Saudi Tanker and Offshore rig

In a sign that demand continues to rise and oil markets are moving closer to balance, Saudi Arabia increased its prices for crude heading to Asia and the United States.

Saudi Aramco hiked prices on Arab Light destined for Asia for the second month in a row, according to Bloomberg, the first time that has occurred in more than a year. Aramco increased Arab Light prices by 35 cents per barrel, trading at a 60-cent premium to the regional benchmark. Saudi Arabia’s pricing strategy tends to move the market, as other Middle East oil exporters usually adjust prices following Saudi actions. Related: Eagle Ford Halts Decline As Texas Oil Production Spikes

 

India has emerged as one of the largest drivers of oil demand growth, surpassing China in terms of the pace of growth. China, despite a somewhat slowing rate of demand, still has a large degree of influence over global demand. The prices increases are a sign that Saudi Aramco is “getting more bullish on demand,” according to Robin Mills of the Brookings Institution in Doha, who spoke with Bloomberg by phone. Related: Colombian Oil Patch Needs $70 Billion To Survive

While Saudi Arabia is hiking prices to Asia and the U.S., it also cut prices on June 5 for oil heading to Europe. Aramco slashed prices by 35 cents per barrel to northwest Europe and by 10 cents per barrel for oil destined for the Mediterranean.

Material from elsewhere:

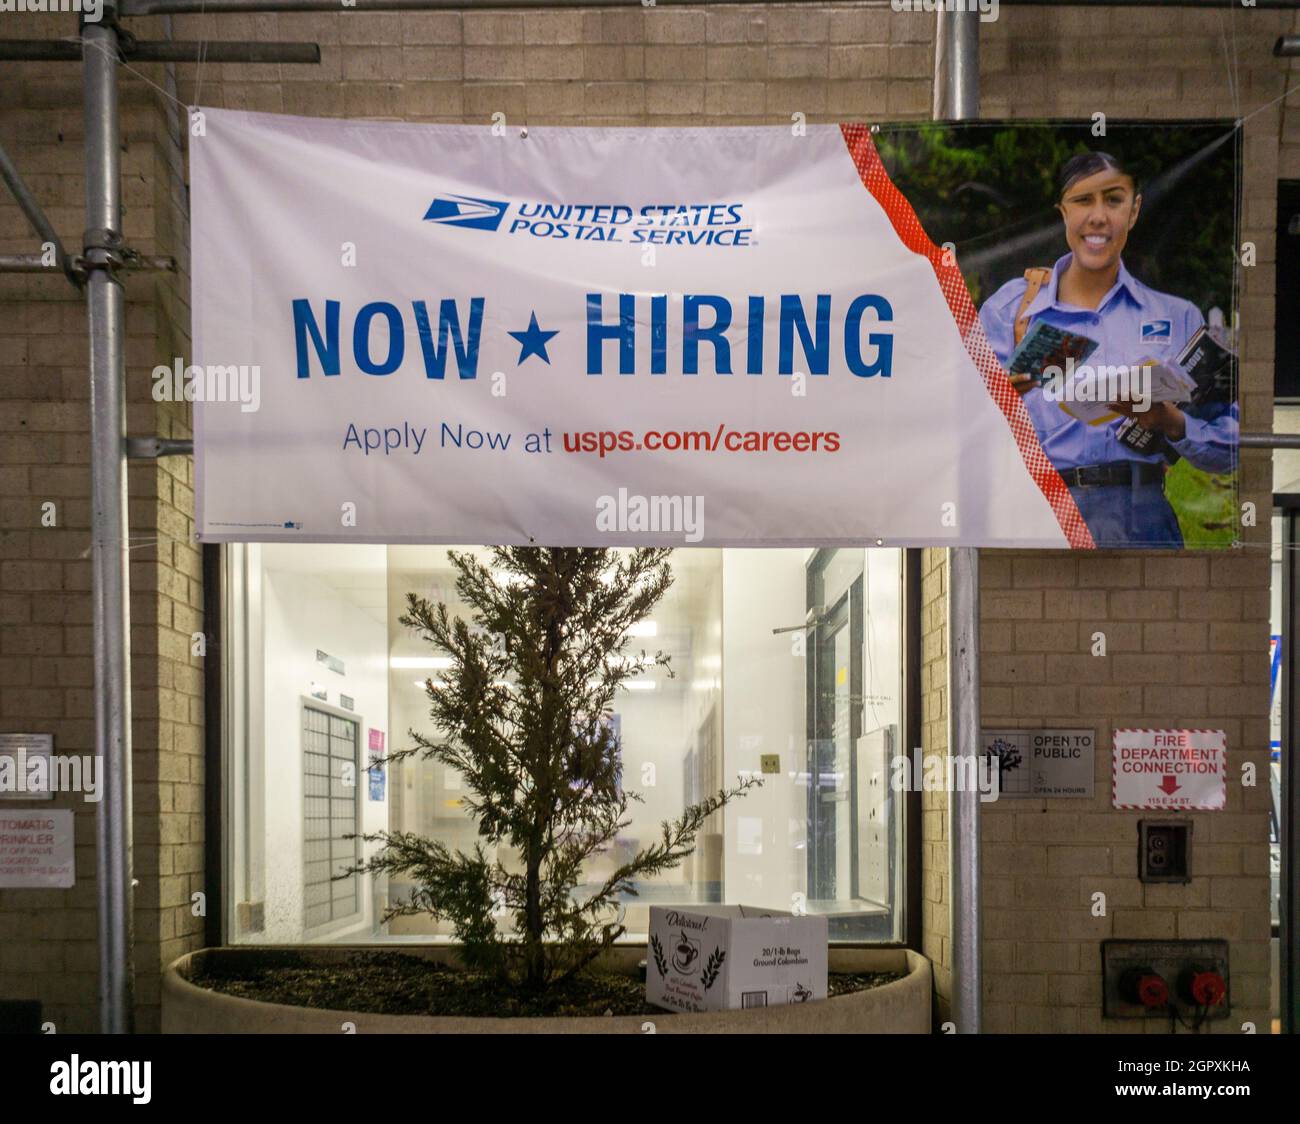 Un segno nella finestra di un ufficio postale a New York mercoledì 29 settembre 2021 informa i potenziali dipendenti delle opportunità di lavoro per l'USPS. (© Richard B. Levine) Foto Stock

On its face, the price reduction might suggest that the markets are still well supplied. Indeed Europe is well supplied, but much of that has to do with the intense competition for customers between Saudi Arabia and Iran. Following the removal of sanctions and Iran’s success at ramping up production since the start of the year, Europe has become a hotly contested area for the two OPEC rivals. Iran used to export more than 1 million barrels per day to Europe and is now fighting to reclaim some of that lost market share. The WSJ reports that Iran’s oil exports to Europe have climbed to 400,000 barrels per day, and after securing deals with refiners in Greece, Italy and France, exports should rise to 700,000 barrels per day in the next few months.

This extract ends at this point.